Thursday, I had my first job interview in almost 4 months. I thought that it went very, very well. I met with more than a dozen people over the course of an 8-hour interview and, by the end of the day, the people I was talking to had stopped using the hypothetical voice when talking about the projects that were coming up. It is usually a good sign when the tenor of the conversation shifts from "this is the sort of project that you would be working on" to "on our next project you'll be focusing on low-level protocol issues".

Yesterday they called back and said that they decided that they weren't going to hire me. Their process requires that every person you interview with recommend hiring you but, in my case, there was a single holdout who didn't think I was right for the job.

We put our house on the market today. My wife and I cried after the real estate agent left. Like everyone, we worked our asses off to get the house. We love this place. We love the backyard with its beautiful 50-year old cherry tree that I hung a rope swing off of for the kids. We love the kitchen that has hosted so many good meals, that brought forth the first Christmas dinner our son ever had in the first year that Santa Claus came down our chimney. We love the neighborhood. This is home.

Our kids don't understand, they just know that we're moving back to Colorado because Daddy can't find a job in Seattle. They don't understand why Mommy and Daddy are always so grumpy, or why they can't go to dance class or gymnastics anymore. But they still laugh infectiously as we chase each other through the rapidly growing pile of boxes. That's something, at least, kids are kids and will find a way to be happy no matter what is going on around them.

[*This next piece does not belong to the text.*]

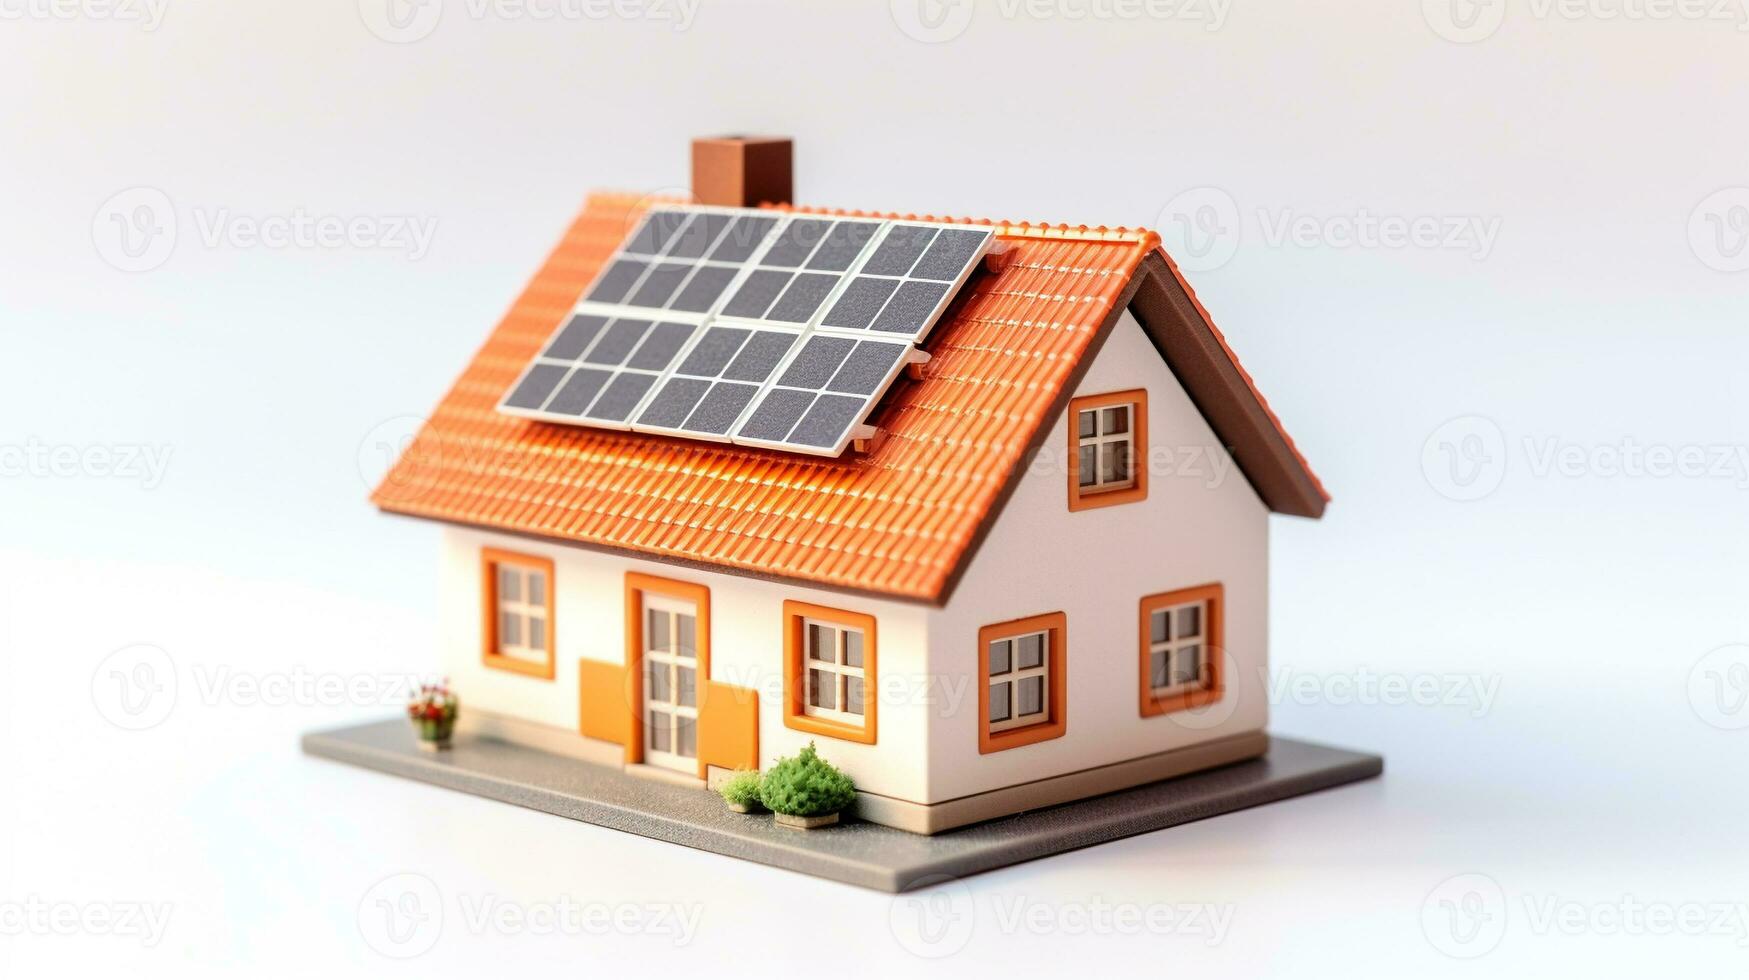 miniatura casa modelo con solar panel en techo en blanco antecedentes. inteligente hogar energía ahorro concepto. generativo ai foto

We don't know what will happen next. We haven't found a place to live, yet, back there. We're hoping that a friend's mom with a basement apartment that she rents out will be willing to rent it to a family of four. If that should not come through we're afraid that we may end up crashing in my mother-in-law's basement until we get our feet back under us.

I know this isn't traumatic by overall global standards. There is absolutely no possibility that we are going to end up homeless in the sense that our kids are getting rained on or sleeping in snow drifts. None of us have missed any meals, nor will we. From the perspective of a single mother in Afghanistan we've still got it fucking made. But from here, inside the American Dream, things are looking pretty grim.